Feathersjs is a popular framework for building web APIs and real-time applications using JavaScript or TypeScript. In versions 5.0.39 and earlier, a critical vulnerability (CVE-2026-27193) exists due to the way HTTP request headers are handled within the session management system. Specifically, the OAuth service stores the entire HTTP headers object in the session, which is then persisted using the cookie-session middleware. While the session cookie is signed to prevent tampering, it is not encrypted and is base64-encoded, making it trivially decodable by anyone with access to the cookie. This design flaw leads to exposure of sensitive internal headers, including internal proxy or gateway headers that may contain API keys, service tokens, internal IP addresses, or other confidential infrastructure details. The vulnerability is particularly impactful in deployment scenarios where Feathersjs applications are placed behind reverse proxies or API gateways that add sensitive headers. Attackers can exploit this by simply reading the session cookie from the client side, without requiring authentication or user interaction. The vulnerability has a CVSS 4.0 score of 8.2 (high severity), reflecting the significant confidentiality impact and the complexity of attack due to specific deployment requirements. The issue was addressed and fixed in Feathersjs version 5.0.40 by presumably removing sensitive headers from the session cookie or encrypting the cookie contents.
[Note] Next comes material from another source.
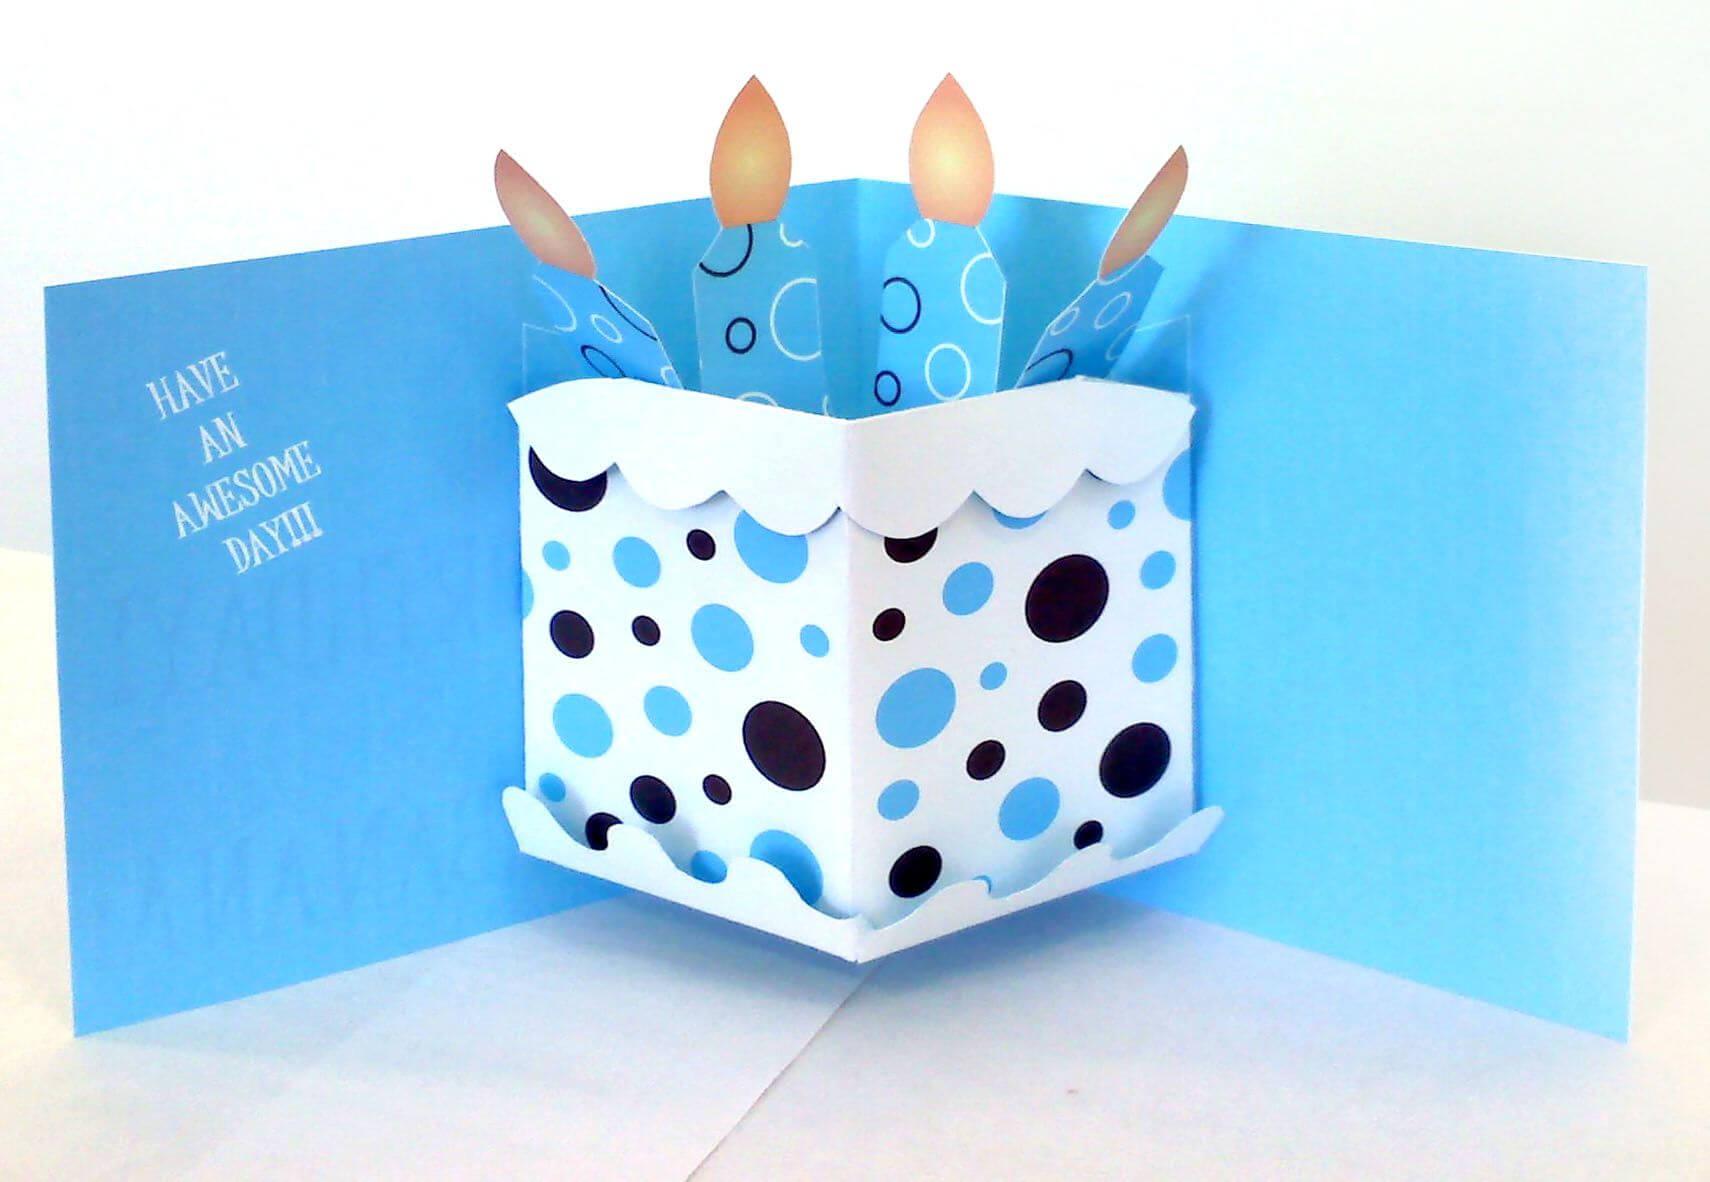 Pop Up Birthday Card | Pop Up Card Templates, Birthday Card intended for Pop Up Card Templates Free Printable

The primary impact of this vulnerability is the unauthorized disclosure of sensitive internal information such as API keys, service tokens, and internal network details. This exposure can facilitate further attacks, including unauthorized access to backend services, lateral movement within internal networks, and compromise of other connected systems. Organizations using vulnerable Feathersjs versions in environments behind reverse proxies or API gateways are at risk of leaking critical infrastructure details to attackers who can capture or access client-side cookies. This can undermine confidentiality and potentially lead to broader security breaches. The vulnerability does not directly affect integrity or availability but significantly compromises confidentiality, which can cascade into more severe attacks. Since no authentication or user interaction is required, the attack surface is broad, though the complexity is elevated by the need for specific deployment configurations. The lack of known exploits in the wild currently reduces immediate risk but does not diminish the urgency of patching due to the high severity and ease of cookie decoding.

Organizations should immediately upgrade Feathersjs to version 5.0.40 or later, where this vulnerability is fixed. Until upgrading, a practical mitigation is to avoid storing sensitive headers in session cookies or to implement encryption for cookie contents to prevent plaintext exposure. Reviewing and minimizing the headers added by reverse proxies or API gateways can reduce sensitive data exposure. Additionally, configuring cookies with the Secure and HttpOnly flags can help prevent interception and client-side script access, though this does not prevent base64 decoding if the cookie is accessible. Network segmentation and strict access controls on internal services can limit the impact if sensitive information is leaked. Monitoring for unusual access patterns or attempts to read session cookies can provide early detection. Finally, auditing OAuth service configurations and session management practices to ensure no sensitive data is stored client-side is critical.